This section covers the most common reasons (and a few uncommon ones) why you may have trouble deleting a file and explains what you need to do to get things fixed so that the file can be deleted.

Locked files

The most basic reason why a file refuses to delete is that the file is locked, via the Locked checkbox in the file's Show Info window.

If a file is locked, a small padlock symbol is visible in the bottom-left corner of the file's icon.

Figure 6.33Figure 6.33 (Left) The Locked checkbox in a Show Info window, and (right) the locked symbol in the file icon.
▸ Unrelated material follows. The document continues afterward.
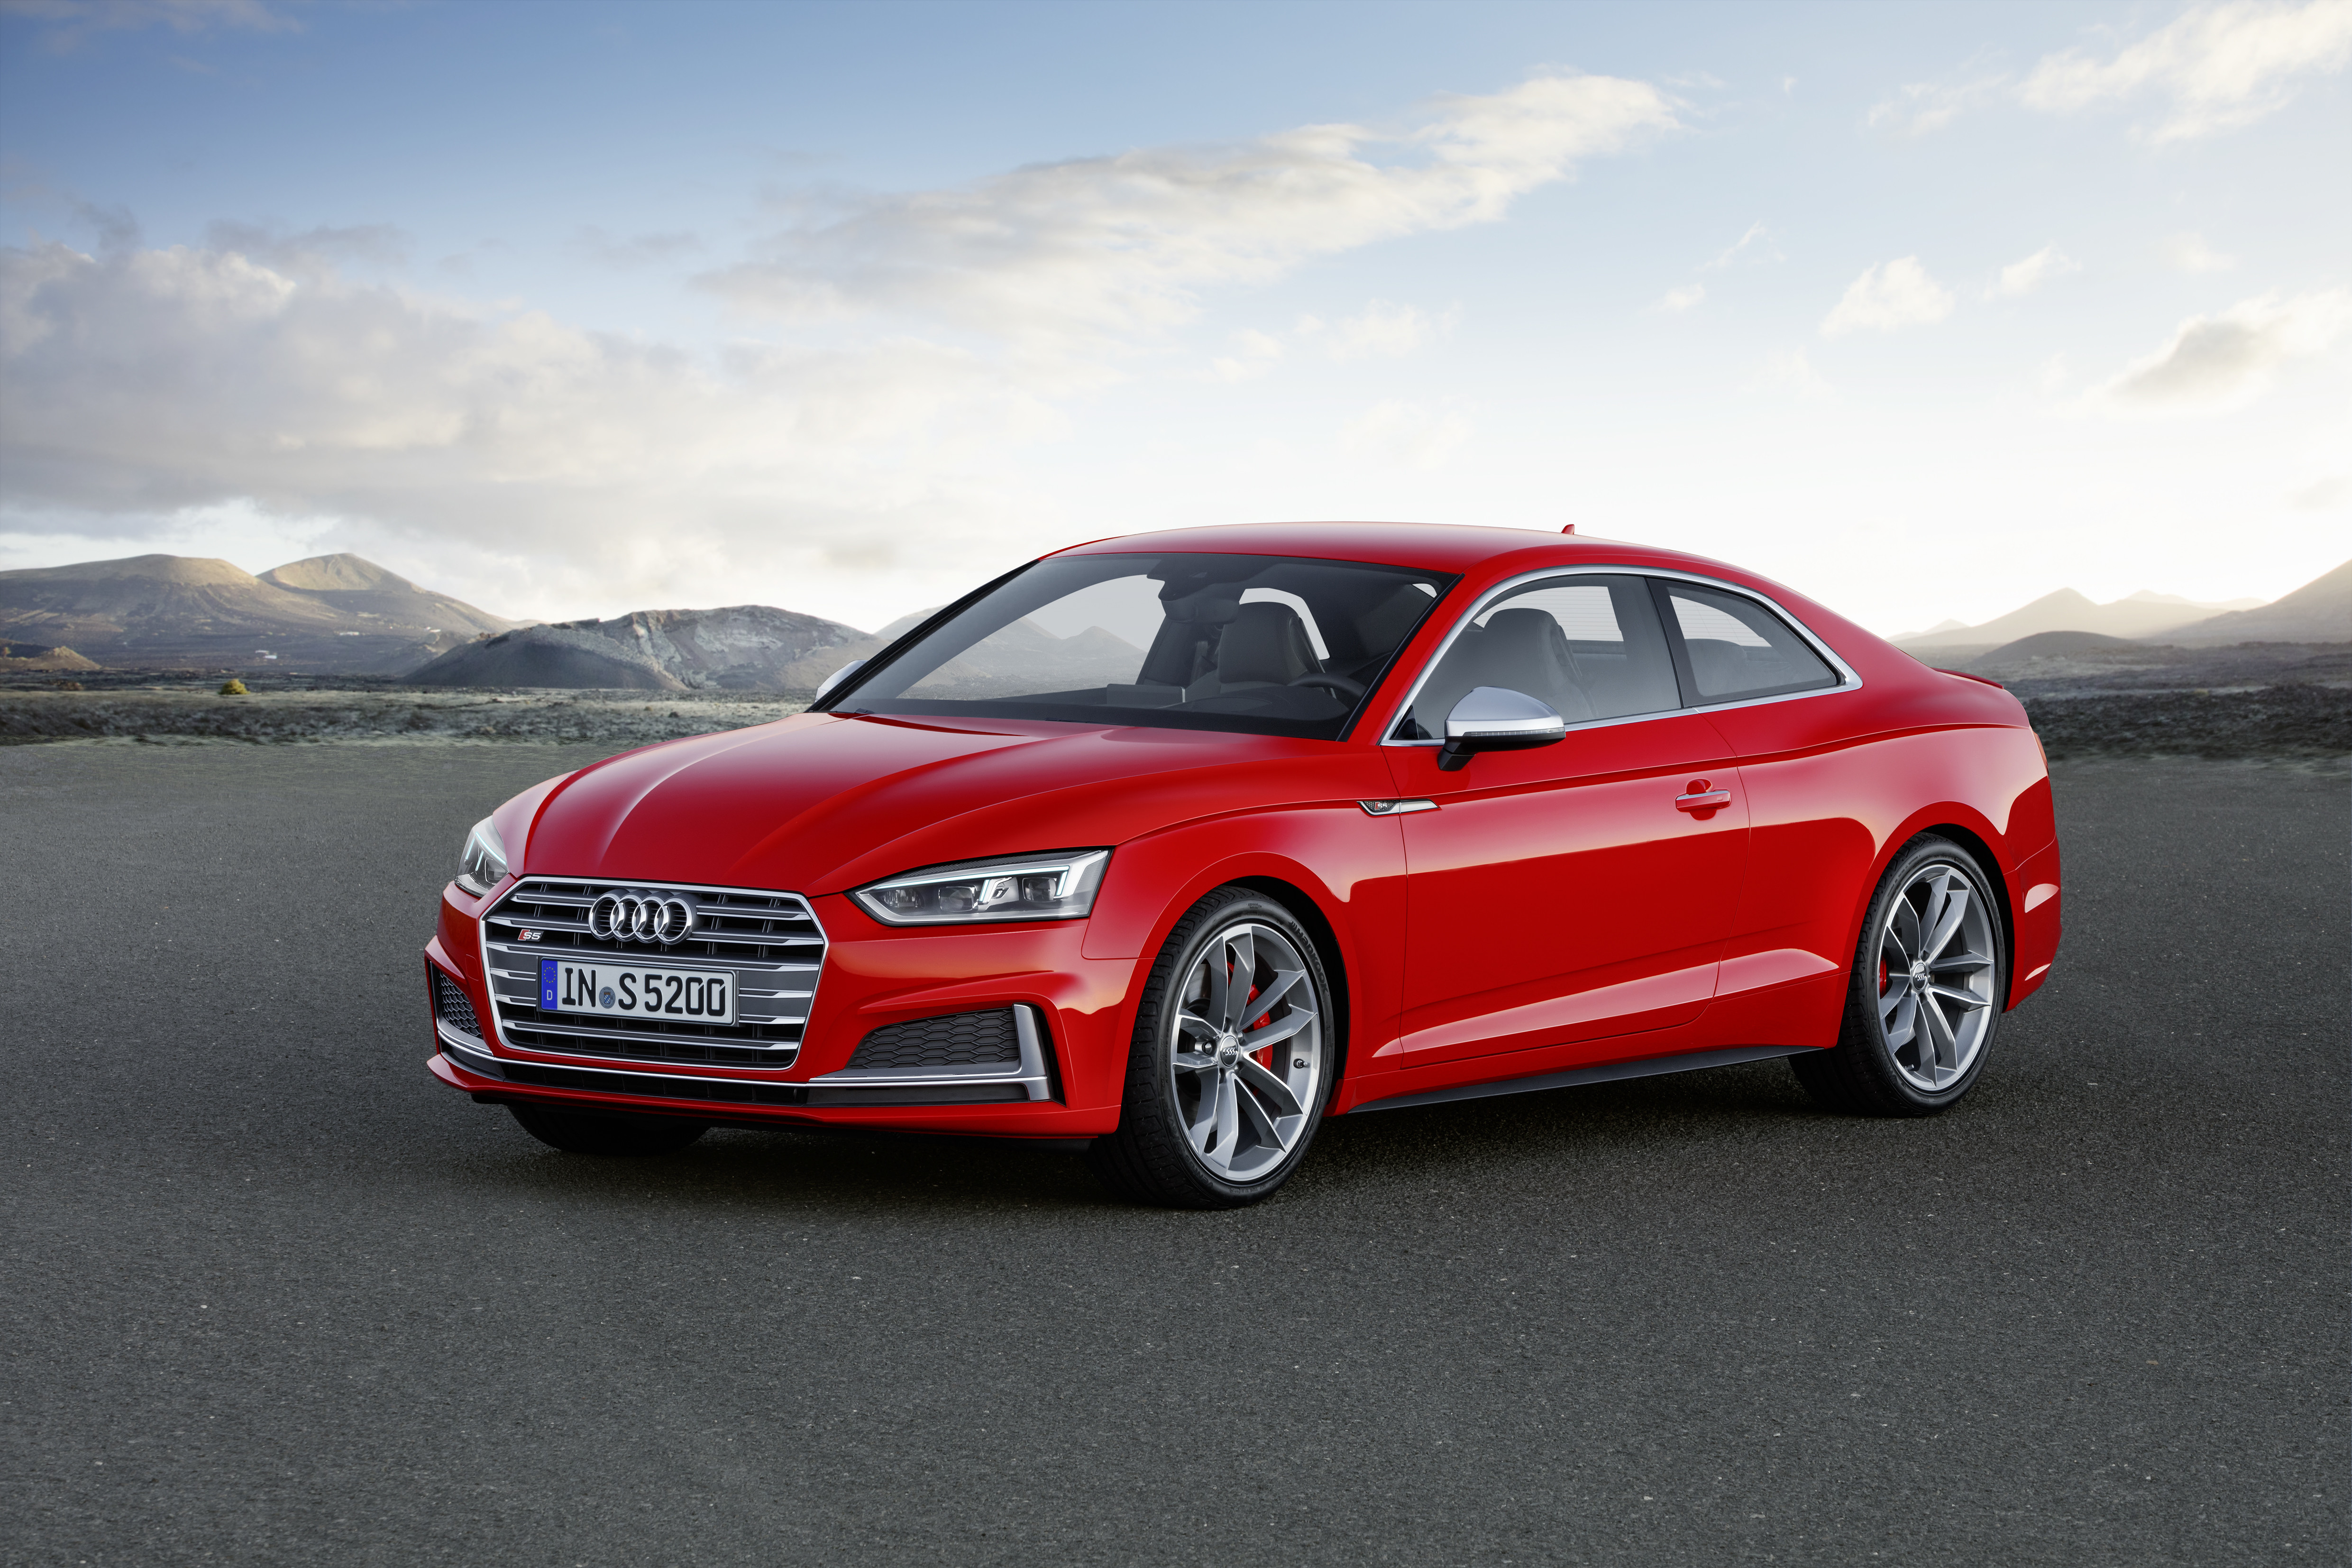 Audi S5 Coupe exterior specifications
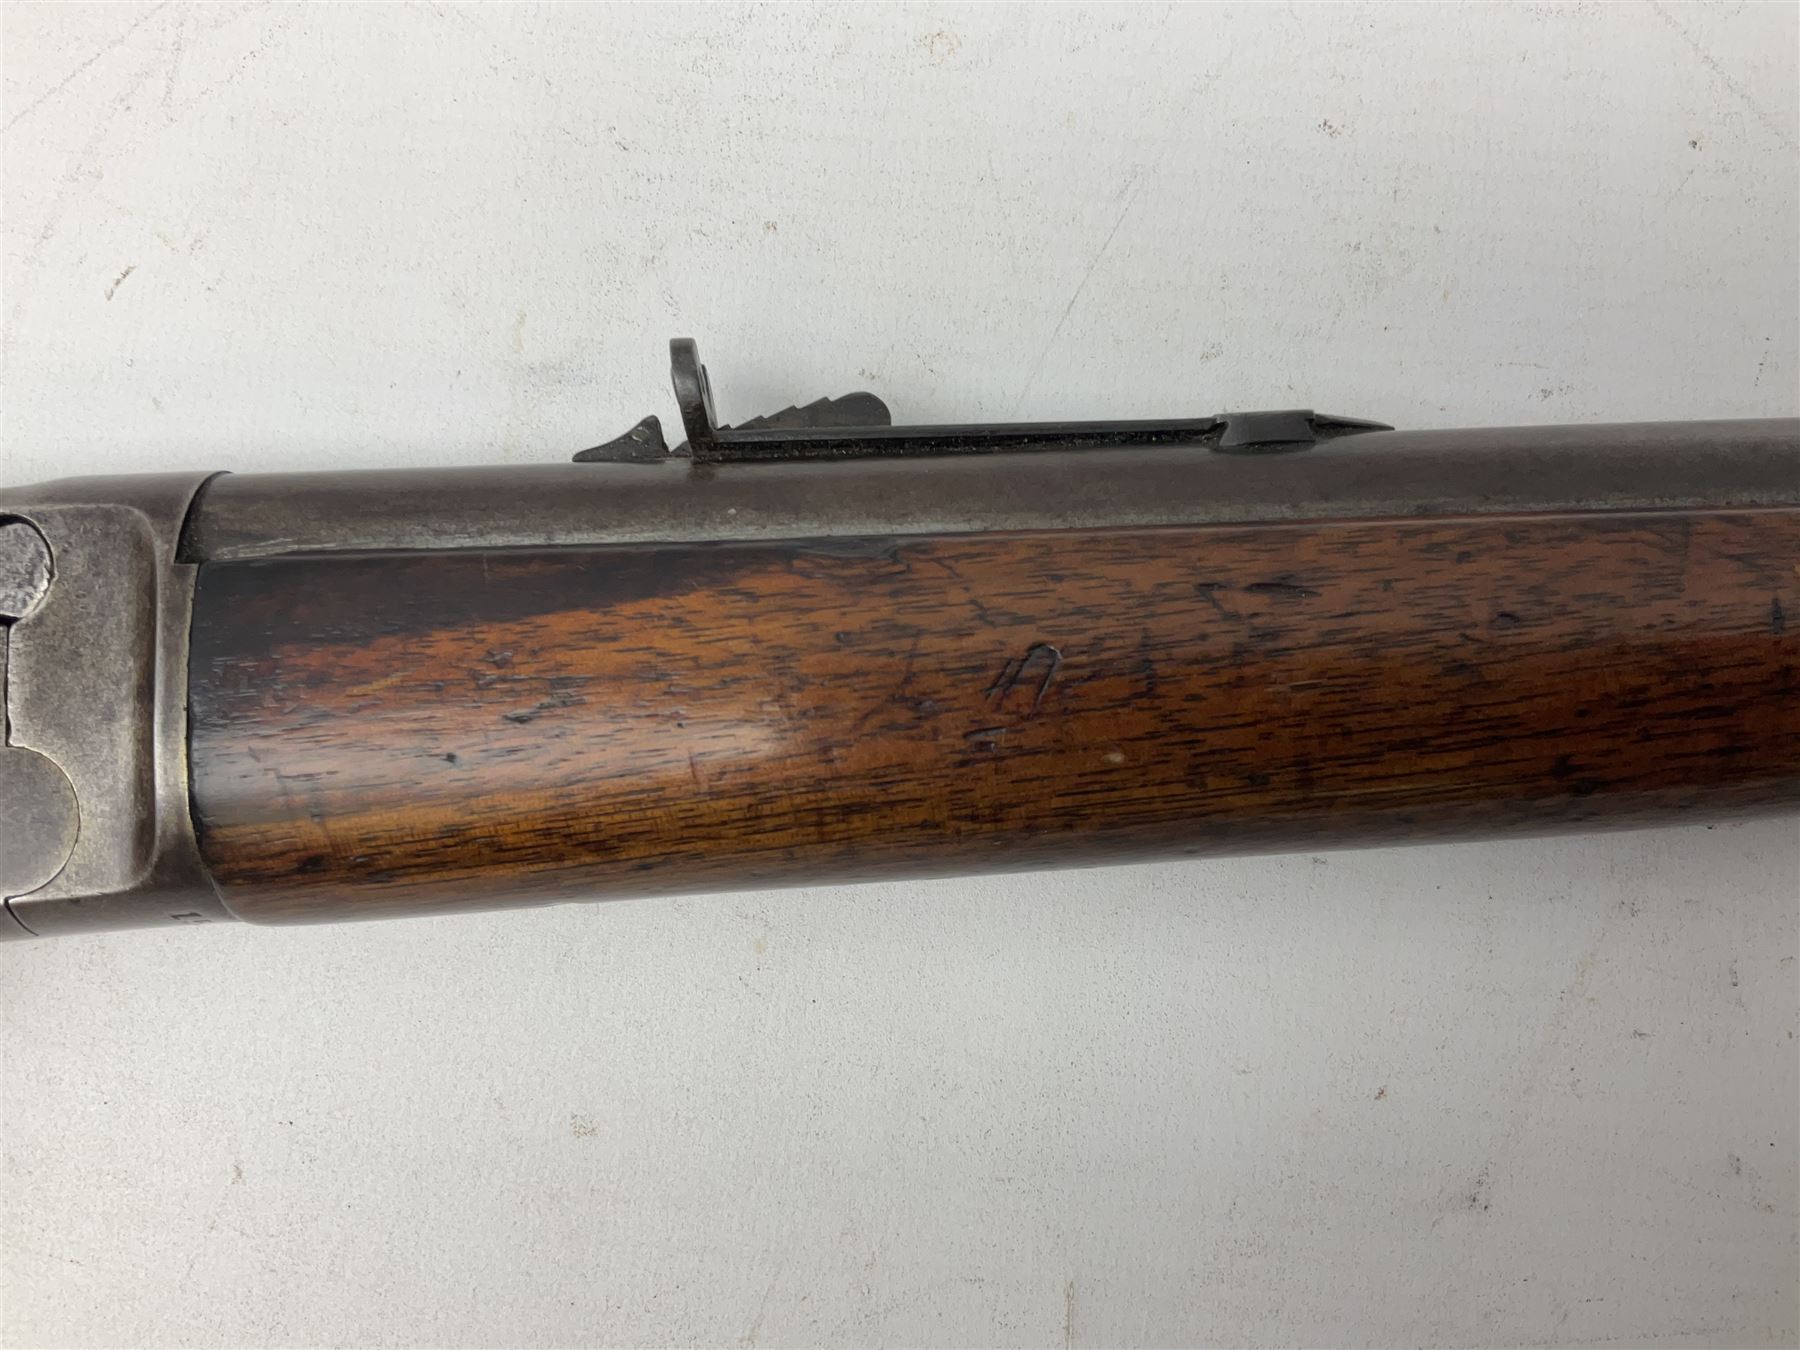 Marlin Firearms Co. USA 'Safety' .32 rim-fire rifle dated 1892 - Image 5 of 15

Additionally, if you attempt to move a locked file to the Trash (or even to another folder on your drive), you typically get an error message that says, "The operation could not be completed because you do not have sufficient privileges." In Mac OS X, holding down the Option key (a technique that works in Mac OS 9) has no effect on your capability to drag the item into the Trash or empty it from the Trash.

Figure 6.34Figure 6.34 The "do not have sufficient privileges" error message that appears when you're trying to move or delete a locked file.

Thus, to delete a file that is locked, open the Show Info window for the file, and uncheck its Locked checkbox. Then you can drag the item to the Trash and empty it.

If a file is already in the Trash, you can still enable its Locked option, but doing so will have no effect. If you empty the Trash, the file will be deleted.

Occasionally, you may find that a locked item made it into the Trash and now refuses to be deleted. In such a case, you may not even be able to drag the item out of the Trash. Apple claims that pressing and holding down the Shift-Option keys while selecting to Empty Trash should work here. However, I have been unable to confirm this.


Batch-Deleting Locked Files

If you put a locked file in an unlocked folder, you can drag the folder to the Trash and (usually) delete the folder and its contents, including the locked file, even though you could not delete the locked file by dragging it to the Trash directly. This method is a trick way to delete a group of locked files without unlocking each one individually.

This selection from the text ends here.